THE DATA:
▬▬▬▬▬▬▬▬▬▬

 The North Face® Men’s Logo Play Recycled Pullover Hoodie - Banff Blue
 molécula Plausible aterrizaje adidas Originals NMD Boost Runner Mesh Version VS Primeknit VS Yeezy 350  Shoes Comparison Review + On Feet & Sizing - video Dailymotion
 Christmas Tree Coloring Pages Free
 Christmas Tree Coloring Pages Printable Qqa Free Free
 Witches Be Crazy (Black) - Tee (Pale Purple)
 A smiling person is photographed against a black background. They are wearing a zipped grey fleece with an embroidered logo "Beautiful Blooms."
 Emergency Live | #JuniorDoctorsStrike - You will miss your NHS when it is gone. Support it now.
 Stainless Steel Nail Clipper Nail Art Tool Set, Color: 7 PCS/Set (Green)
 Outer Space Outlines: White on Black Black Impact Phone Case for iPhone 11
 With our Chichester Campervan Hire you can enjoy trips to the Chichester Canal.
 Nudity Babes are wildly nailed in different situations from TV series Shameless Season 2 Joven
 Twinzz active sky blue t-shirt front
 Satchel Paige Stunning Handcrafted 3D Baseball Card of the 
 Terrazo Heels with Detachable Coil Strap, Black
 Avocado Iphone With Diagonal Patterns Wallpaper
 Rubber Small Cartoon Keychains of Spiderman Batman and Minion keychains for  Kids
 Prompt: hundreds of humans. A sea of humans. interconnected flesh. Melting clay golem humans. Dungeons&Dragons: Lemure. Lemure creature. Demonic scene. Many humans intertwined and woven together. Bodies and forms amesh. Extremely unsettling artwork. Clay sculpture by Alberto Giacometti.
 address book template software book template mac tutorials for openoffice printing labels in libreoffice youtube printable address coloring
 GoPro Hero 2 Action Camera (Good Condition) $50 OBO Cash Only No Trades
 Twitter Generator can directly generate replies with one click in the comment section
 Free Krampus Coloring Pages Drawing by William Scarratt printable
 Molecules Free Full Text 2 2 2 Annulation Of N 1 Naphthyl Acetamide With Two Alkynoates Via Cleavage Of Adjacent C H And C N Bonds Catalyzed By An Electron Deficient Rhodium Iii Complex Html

▬▬▬▬▬▬▬▬▬▬

WHAT IS EXPECTED:
The lines to set down, exactly and with both ends included, run from the one containing "Satchel Paige Stunning" to the last line of the data above.

SOLUTION TO THIS EXERCISE:
 Satchel Paige Stunning Handcrafted 3D Baseball Card of the 
 Terrazo Heels with Detachable Coil Strap, Black
 Avocado Iphone With Diagonal Patterns Wallpaper
 Rubber Small Cartoon Keychains of Spiderman Batman and Minion keychains for  Kids
 Prompt: hundreds of humans. A sea of humans. interconnected flesh. Melting clay golem humans. Dungeons&Dragons: Lemure. Lemure creature. Demonic scene. Many humans intertwined and woven together. Bodies and forms amesh. Extremely unsettling artwork. Clay sculpture by Alberto Giacometti.
 address book template software book template mac tutorials for openoffice printing labels in libreoffice youtube printable address coloring
 GoPro Hero 2 Action Camera (Good Condition) $50 OBO Cash Only No Trades
 Twitter Generator can directly generate replies with one click in the comment section
 Free Krampus Coloring Pages Drawing by William Scarratt printable
 Molecules Free Full Text 2 2 2 Annulation Of N 1 Naphthyl Acetamide With Two Alkynoates Via Cleavage Of Adjacent C H And C N Bonds Catalyzed By An Electron Deficient Rhodium Iii Complex Html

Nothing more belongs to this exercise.